Alan Tongue (born 13 October 1980) is an Australian former professional rugby league footballer who played in the 2000s and 2010s. A Country New South Wales representative forward,  he captained the Canberra Raiders for several seasons in the NRL.

Background
Tongue was born in Tamworth, New South Wales, Australia.

Early years
While attending Farrer Memorial Agricultural High School in 1998, Tongue was selected to play for his country in the Australian Schoolboys team.

Playing career
Tongue is a 10-year veteran at Canberra, making his debut in 2000 and winning the Raiders' Rookie of the Year award after joining the club in 1998. He spent the majority of his early years moving between the backrow and the interchange bench. He established his position within the side in 2005, and in 2006 Tongue broke the record for most tackles in the regular season with 1,087. The next highest ranking player was Nathan Hindmarsh with 911. Tongue was also voted the Raider's Player of the Year in 2006.

At the end of the 2008 NRL regular season, Tongue was awarded Dally M recognition for Lock of the Year and Captain of the Year after leading the Raiders to 6th on the competition ladder. Tongue was also named in the Prime Minister's XIII at the end of 2008.

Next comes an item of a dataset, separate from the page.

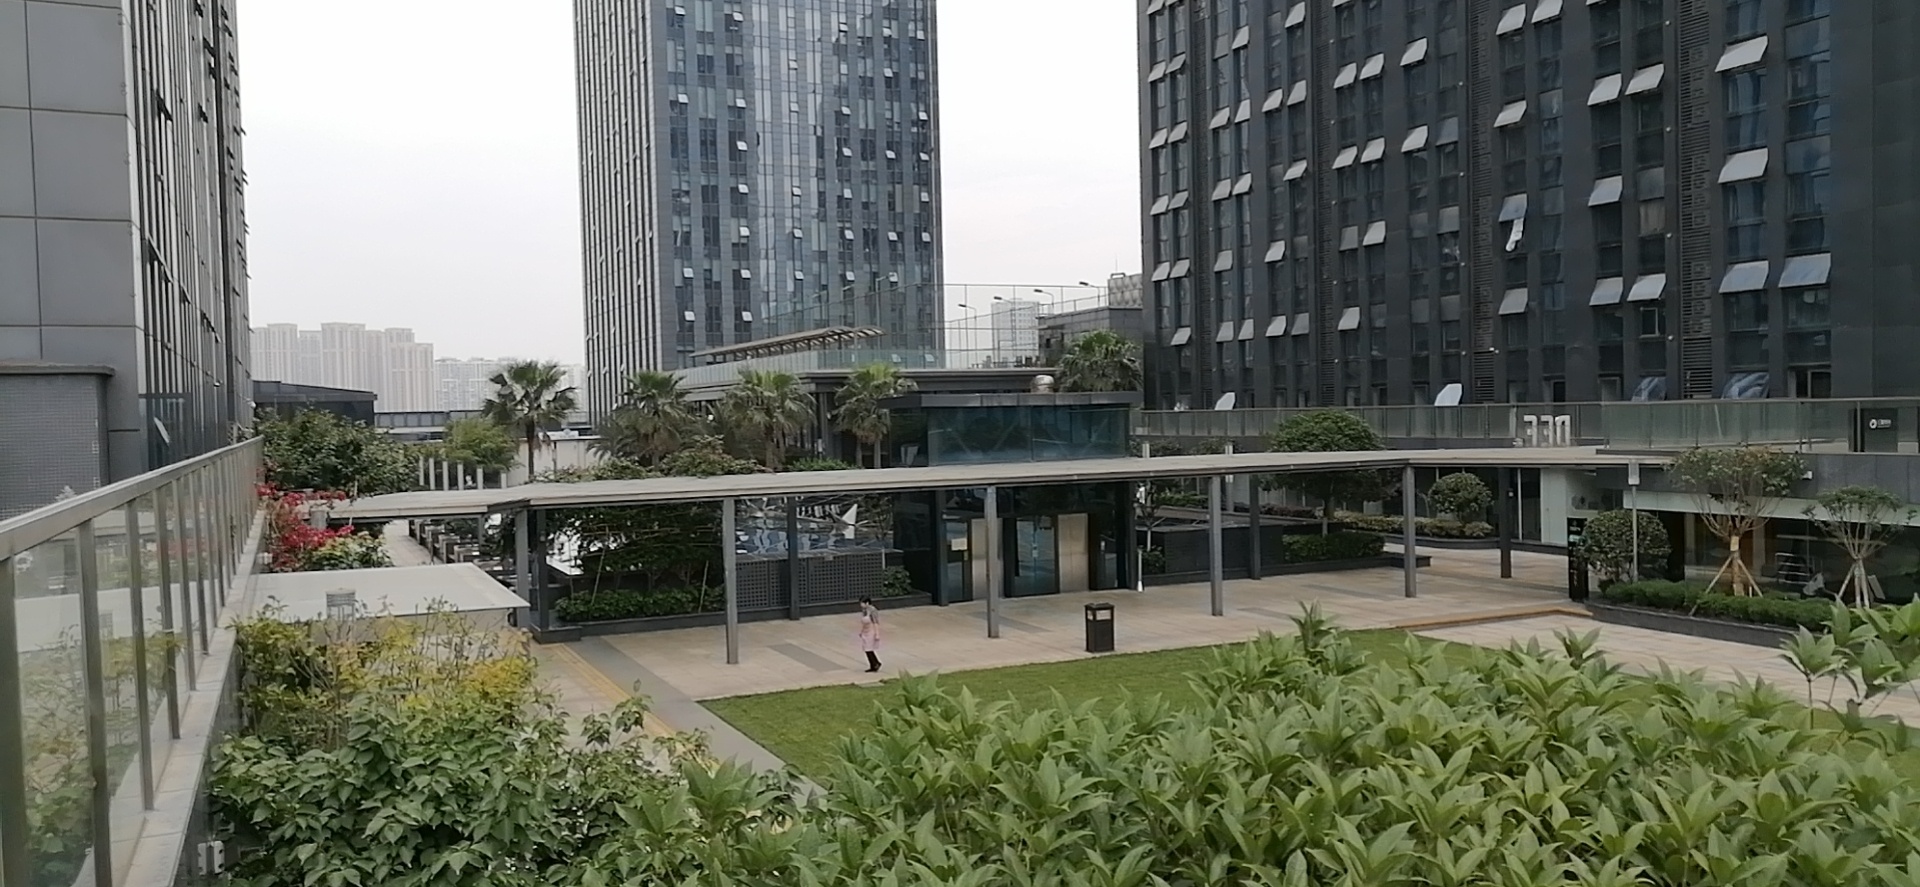 汇融广场#锦江  1720 平米 整层 可分割  楼空中花园办公区
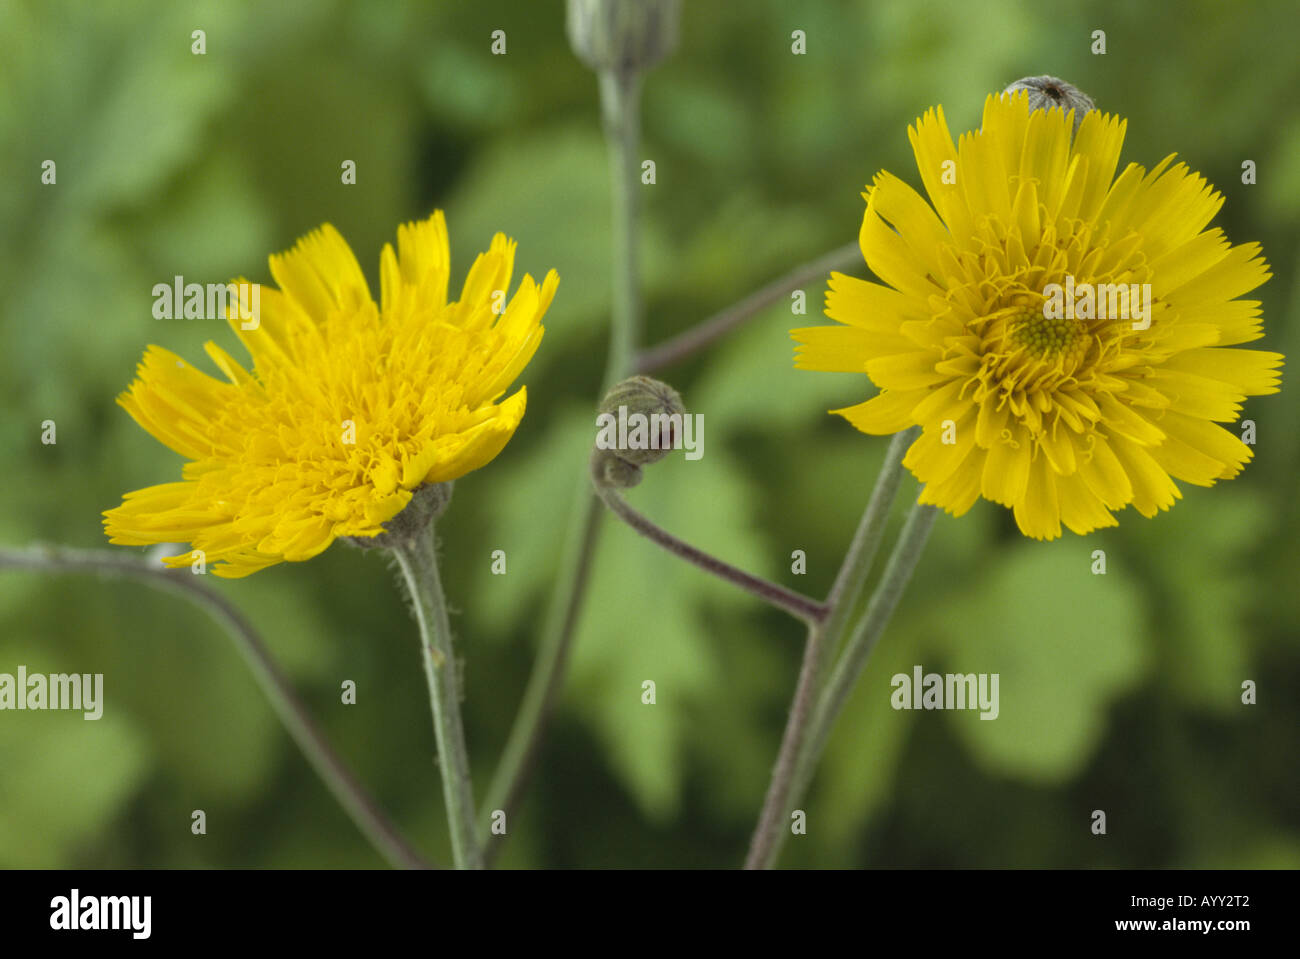 Hieracium lanatum. (Hawkweed) Close up of two yellow flowers. Stock Photo

Tongue was selected in the City vs Country match on 8 May 2009. In this game he scored a rare try in a 40–18 defeat.

In his 200th game for Canberra, on 28 August 2010, a Tongue supporter commented on the opposition (North Queensland Cowboys, through its player Willie Mason) in a sexually suggestive crowd poster shown prominently at the stadium and in TV coverage: "Who needs a Big Willie when you have a great Tongue?". In this game, Tongue returned to the side, and suffered another injury, in a 48-4 high scoring win over the Cowboys at Canberra Stadium that had the Raiders join the top 8 teams in the competition and join the finals rounds for the 2010 competition.

Tongue announced his retirement on 17 August 2011.

Post-playing career

Tongue is an Australian Apprenticeships Ambassador for the Australian Government and an Apprentice Mentor in the NRL's Trading Up program. As an NRL Ambassador, since 2017 he has conducted workshops as part of the NRL's Voice Against Violence program.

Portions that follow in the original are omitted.